DATA PROVIDED>
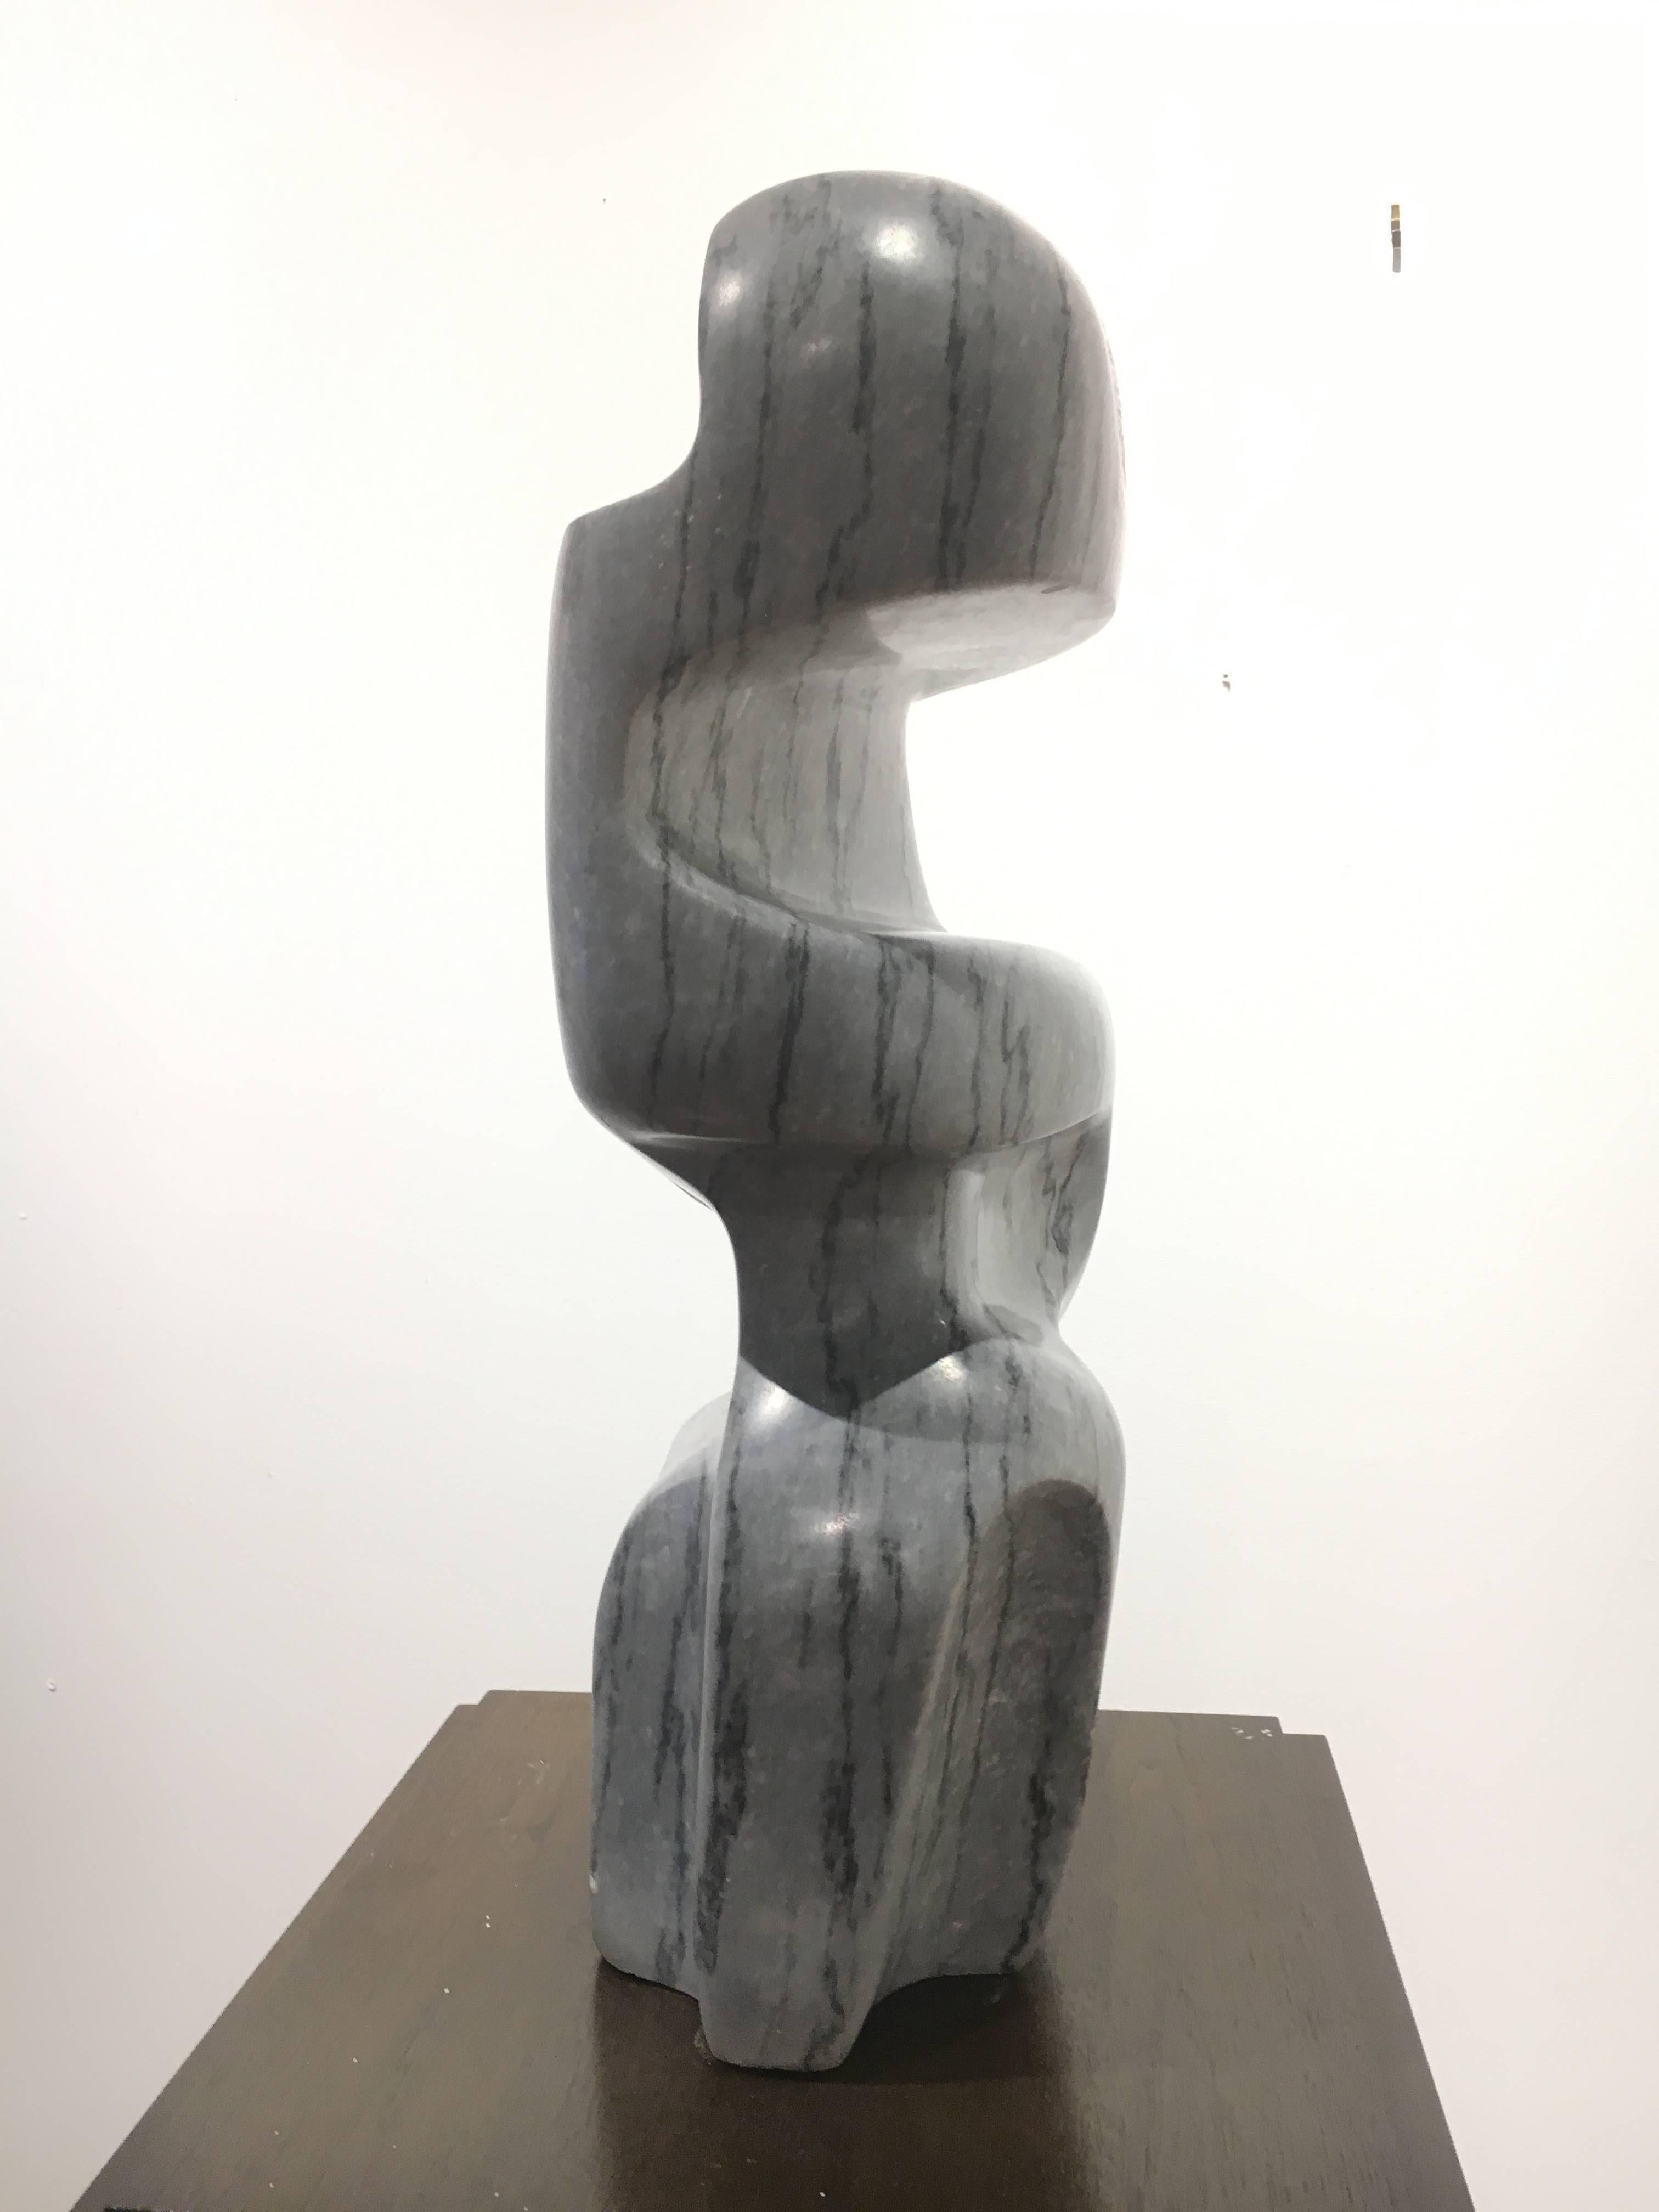 Form - Sculpture by Robert Winslow
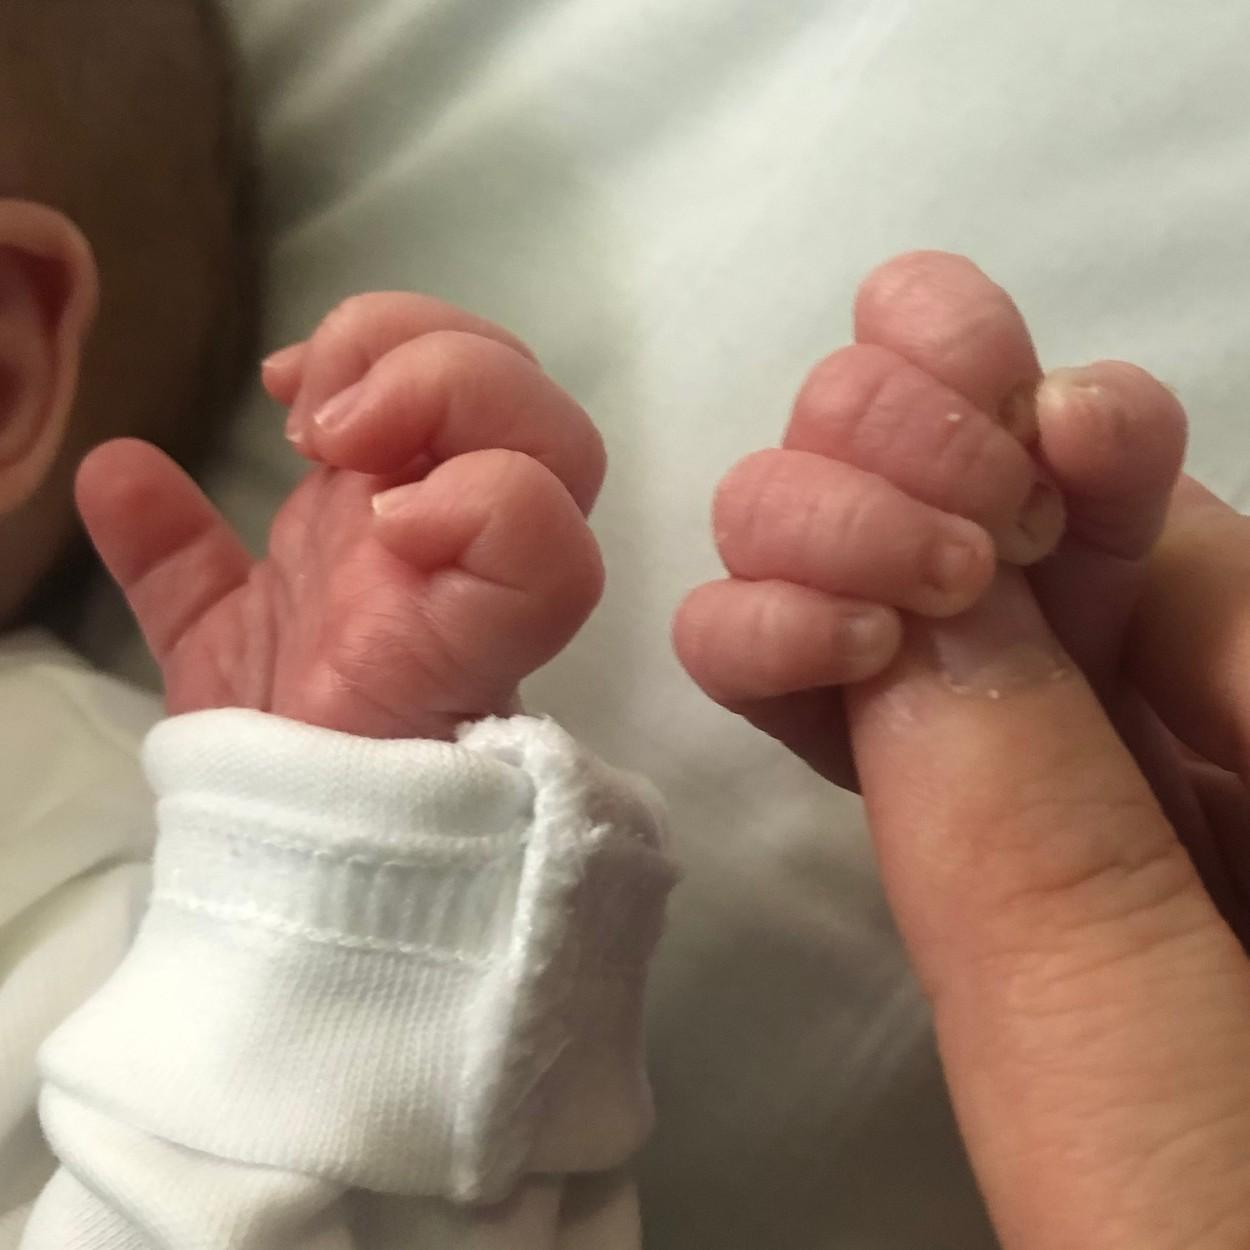 doua maini de bebelus iar in una dintre ele se afla un deget de adult
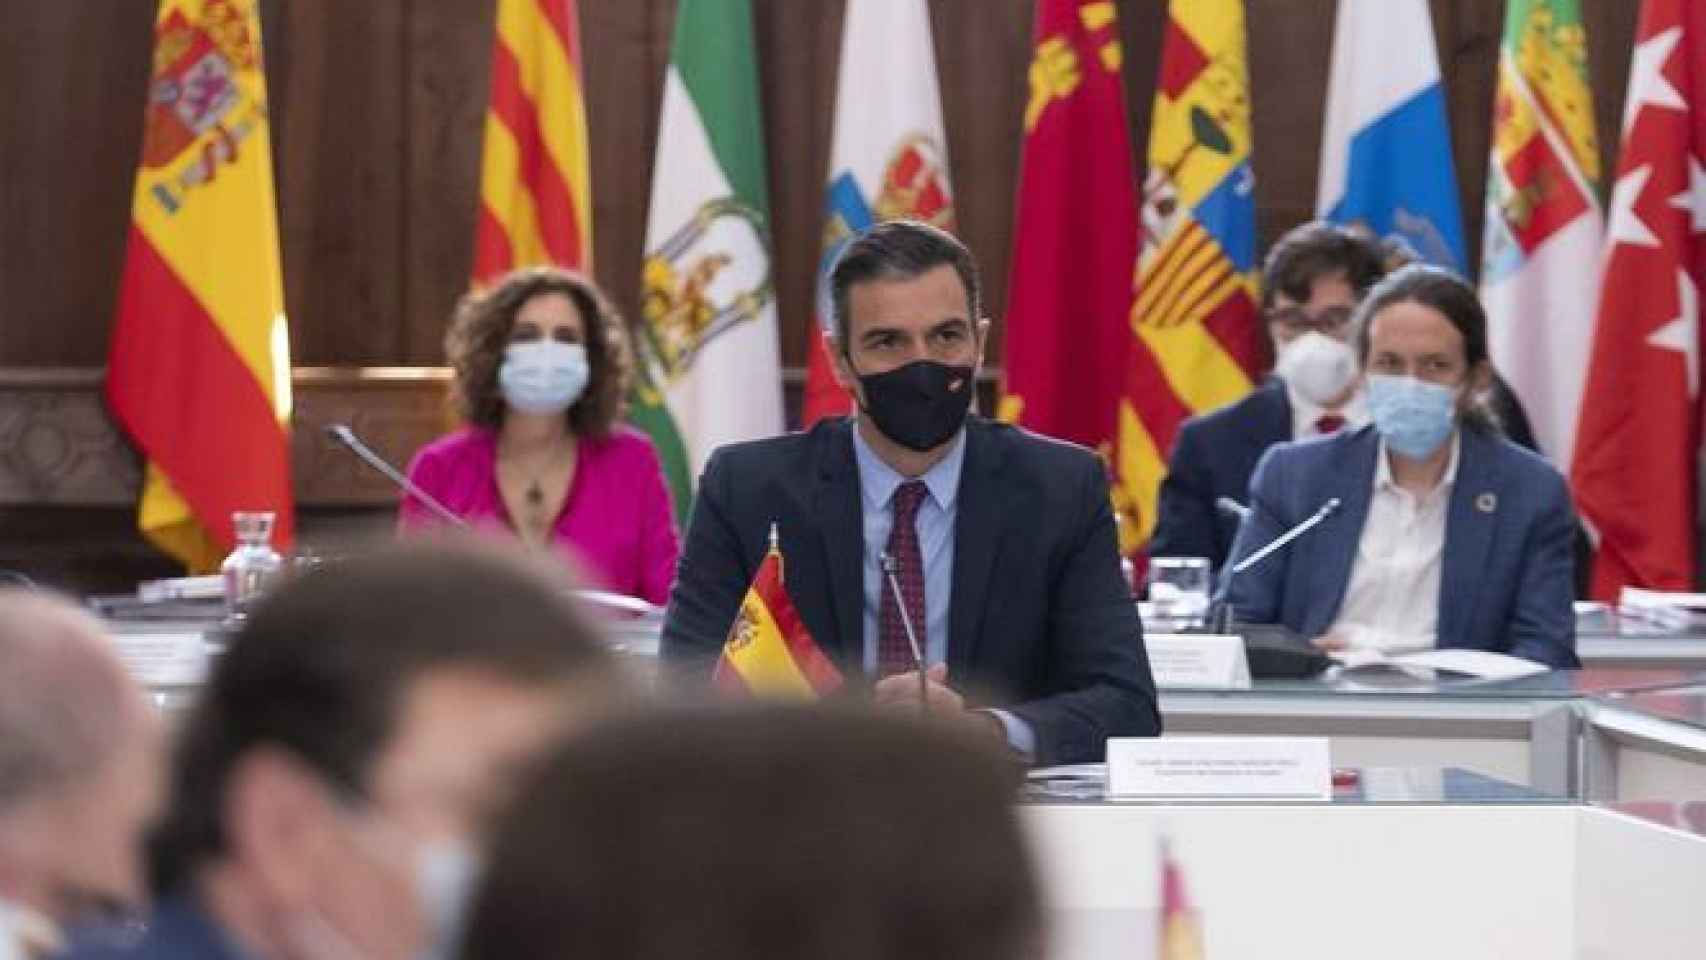 María Jesús Montero, Pedro Sánchez y Pablo Iglesias en la priemra Conferencia de presidentes tras la pandemia.
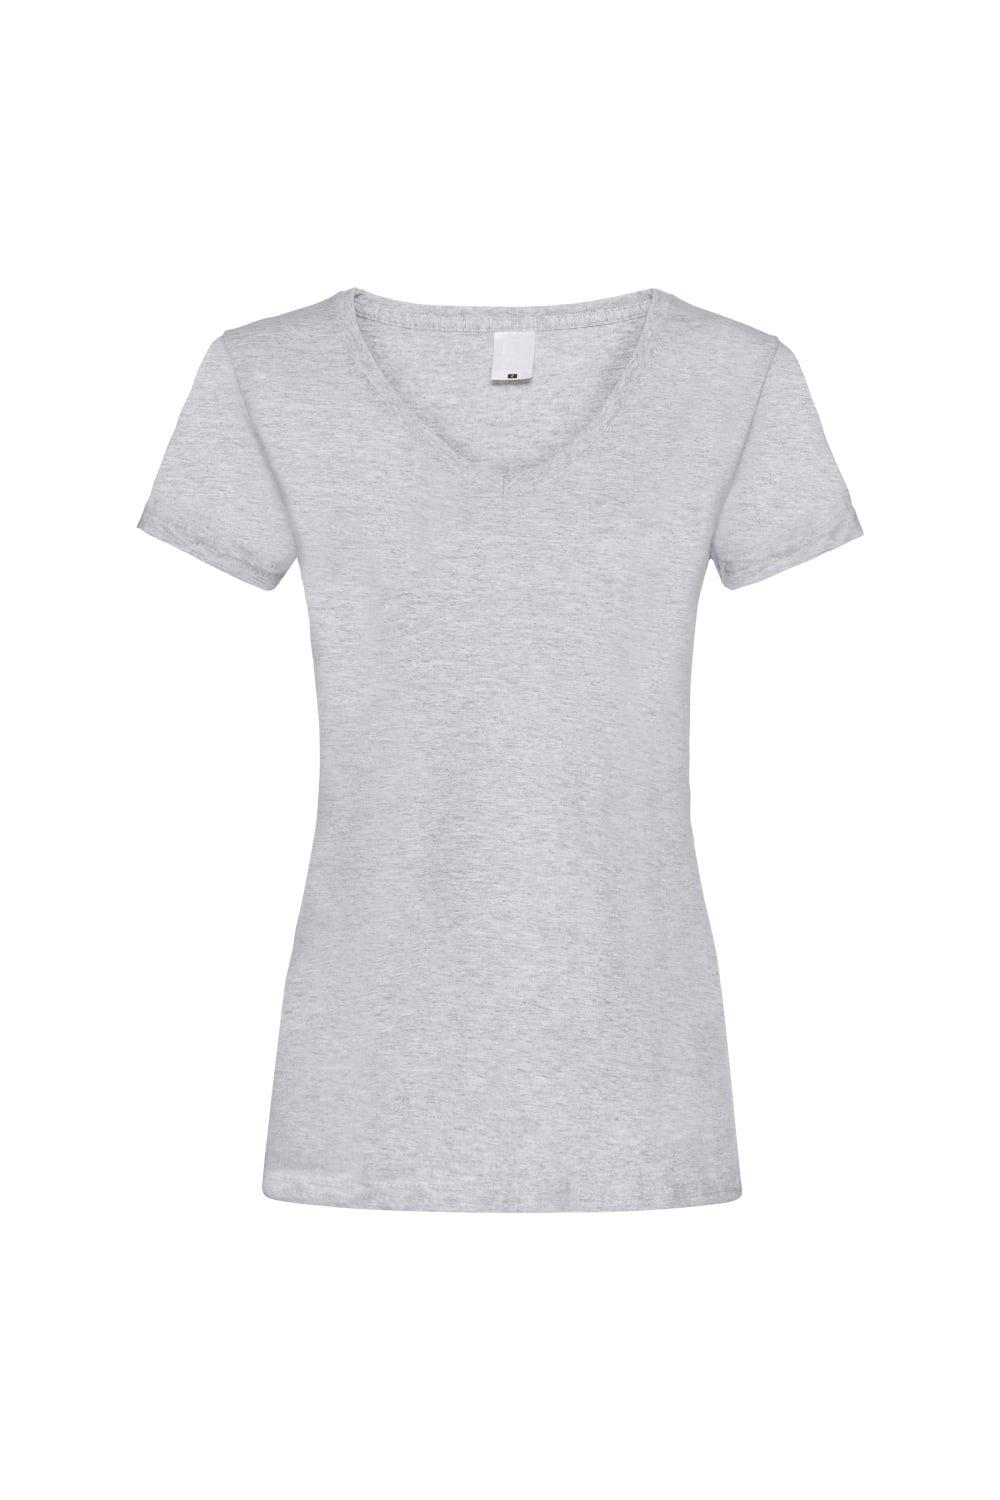 Повседневная футболка Value с V-образным вырезом и короткими рукавами Universal Textiles, серый мужская футболка доберман принт собака s серый меланж

DIRECTIONS> Only what runs from the line with "doua maini de" through the last line of the listing above belongs in the answer, set down exactly and free of pictures.

ANSWER>
 doua maini de bebelus iar in una dintre ele se afla un deget de adult
 María Jesús Montero, Pedro Sánchez y Pablo Iglesias en la priemra Conferencia de presidentes tras la pandemia.
 Повседневная футболка Value с V-образным вырезом и короткими рукавами Universal Textiles, серый мужская футболка доберман принт собака s серый меланж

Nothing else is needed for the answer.